Side yard dirt moving on Friday

I’m getting the last bed much smoother and dirt on lawn much more level. Was able to do this on Friday evening as no rain since Thursday.
Pasta from scratch topped with a mix of garden and store tomatoes, and garden oregano.

Wednesday harvest and other friends

A lot of blue lake green beans.
Several tomato varieties are ripening.
UF garden gem was fine but all of the UF “W” at a similar color rotted and molded. Perhaps they don’t like the endless rain? I will watch more closely for ripening now too.
The Chef tied all the onions up for storage.
The mini bell peppers are more mini than I expected.
Corbaci peppers. I think the three little ones aren’t ready, but their plant died.
A mini bell pepper plant died too, in the same way, a rotting brown at the base.
This mushroom looks like it should be named lemon chiffon something.
Weighing the dried garlic.
Pseudothyris sp. moth resting on strawberry leaf.

Quarter Gram = 1.76 kg

I left this zucchini too long and it was 1.76 kg (about 3.9 pounds). Gram the cat weighs about 14 pounds last we weighed him.
Paula’s moss rose has a lovely flower!
Briar yawns. Photography of plants is borrrriiiiing.
Several inches of rain is settling down dirt over geothermal pipes nicely. Once it’s not slippery mud, I’ll go spread it out more and continue leveling and shaping.
You can see seedling ‘Will Rogers’ variety red zinnias on the right, and harder to see are ‘burning embers’ Linnaeus marigold seedlings near the peach tree, for quick orange.
Briar looks over green and yellow bed. A triangle of Fordham giant chard with lacinato kale in the middle. The two scraggly plants are coreopsis recovering from being potted up for a month. Around it are dwarf marigold seedlings for more quick yellow.
‘Country gentleman’ sweet corn is flowering.
Supervisor exhausted by his earlier brush with the monster zucchini.
Book “Bean by Bean: a cookbook” by Crescent Dragonwagon. Lent by the Bean Queen herself, thanks Heather! Lots of interesting bean trivia. More focused on cooking than bean varieties (ie differences among Lima, green, cowpeas, lentils, etc, not varieties within those).

After work, garden times

Plant instructions said to let them readjust to the world before planting, so they are outside in indirect light to start.
Cilantro turning to coriander (the seed).
White currant tomato seeds saved from last year grew true to variety!!
Garlic harvest was very sparse. I guess the big February deep freeze got more than I thought.
Moon and stars watermelon leaf has such adorable “stars”! I can’t wait for the fruit.
Added more cardboard to my backyard Bermuda grass killing operation. Thank you Dad for this excellent giant cardboard!!
One area of Bermuda grass in the backyard seemed dead enough to reseed with buffalograss and curly mesquite grass.
A beautiful very smooth gray moth.
Maybe an Arctiid? I need to look it up.
My finger for scale.

Opening the box

No time to plant until after work, but my live plants arrived this morning!! Very clever packaging. Source was Mountain Valley Growers, in California, a new place for me.

French onion soup

First we must get approval of herbs (moss curled parsley) from the sous chef.
The cooking begins.
French onion soup with a side of chicken. Onions and parsley from the garden.

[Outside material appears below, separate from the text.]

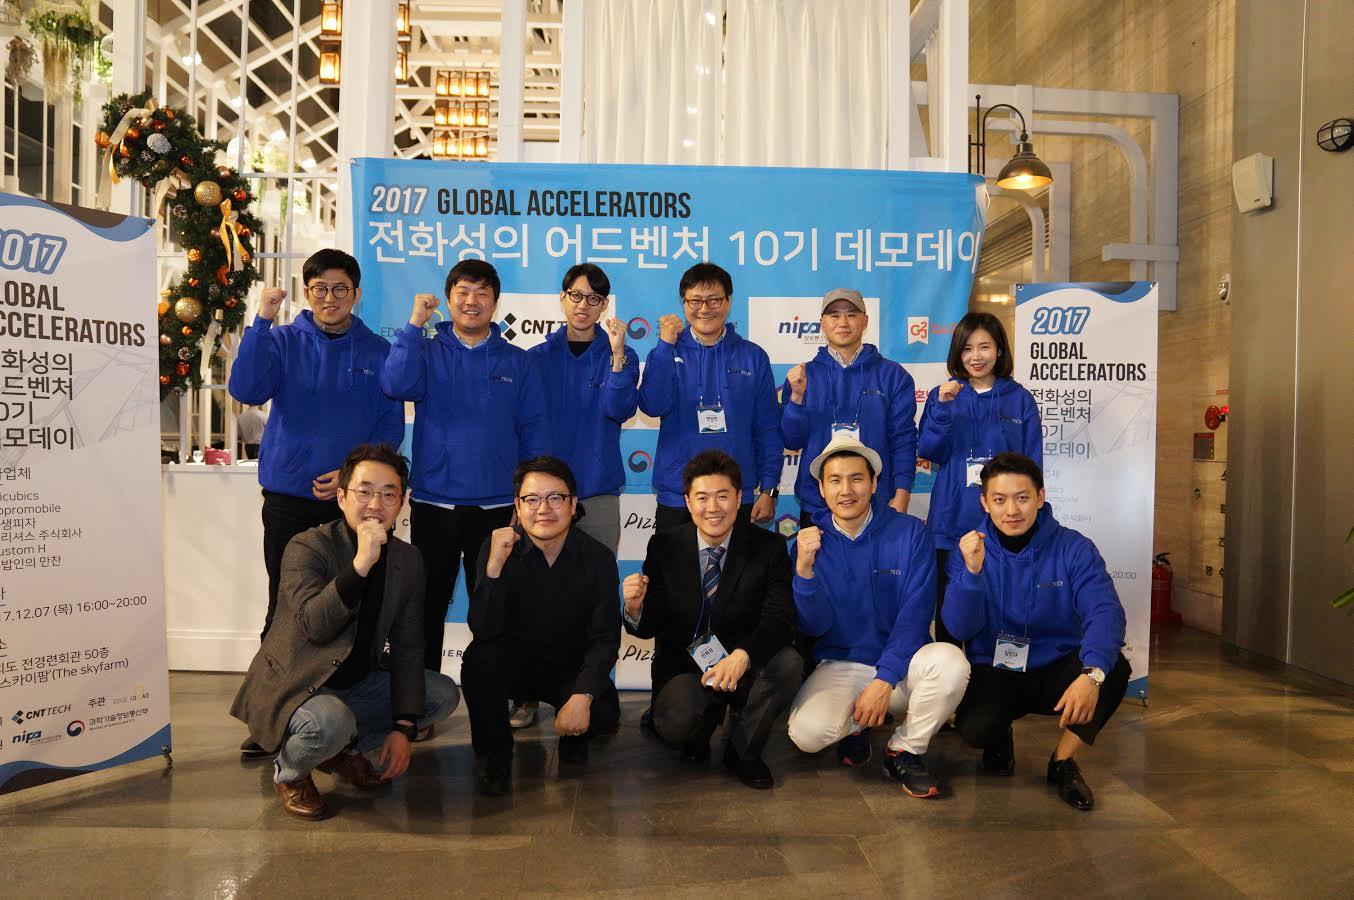 씨엔티테크, '전화성의 어드벤처 10기' 데모데이 개최

Some seeds in the ground for my rainbow!

Also got mulch back in place over some cardboard. Seeds in ground are two kinds of marigolds (for yellow and orange), red zinnias, purple verbena (unfortunately a non native one that I ordered accidentally but it doesn’t sound awful), and standing cypress (which would bloom next year). I need to start butterfly milkweed (orange) cold stratifying.

Sunday field trip to Lexington WMA

Butterfly milkweed.
Wild heliotrope.
Had leaves like greenthread but a yellow center on flower.
Compass plants all facing what we think was east.
Bigger view of the compass plant valley.
A megachilid bee on butterfly milkweed!
A whole field of Echinacea!
Rosa sp.
I know this one. I’ll look it up. Edit: wild bergamot (Monarda fistulosa), thanks Mom 🙂
Happy!!!!
A Dun Skipper on prairie bluets.
Asclepias viridiflora (thanks Abby and Mom!)
Shade good for fluffy dog.
Another view of the Echinacea field.
Note the matching orange dog in background.
I remember this plant.
She tried to get humans to join her but we’re no fun.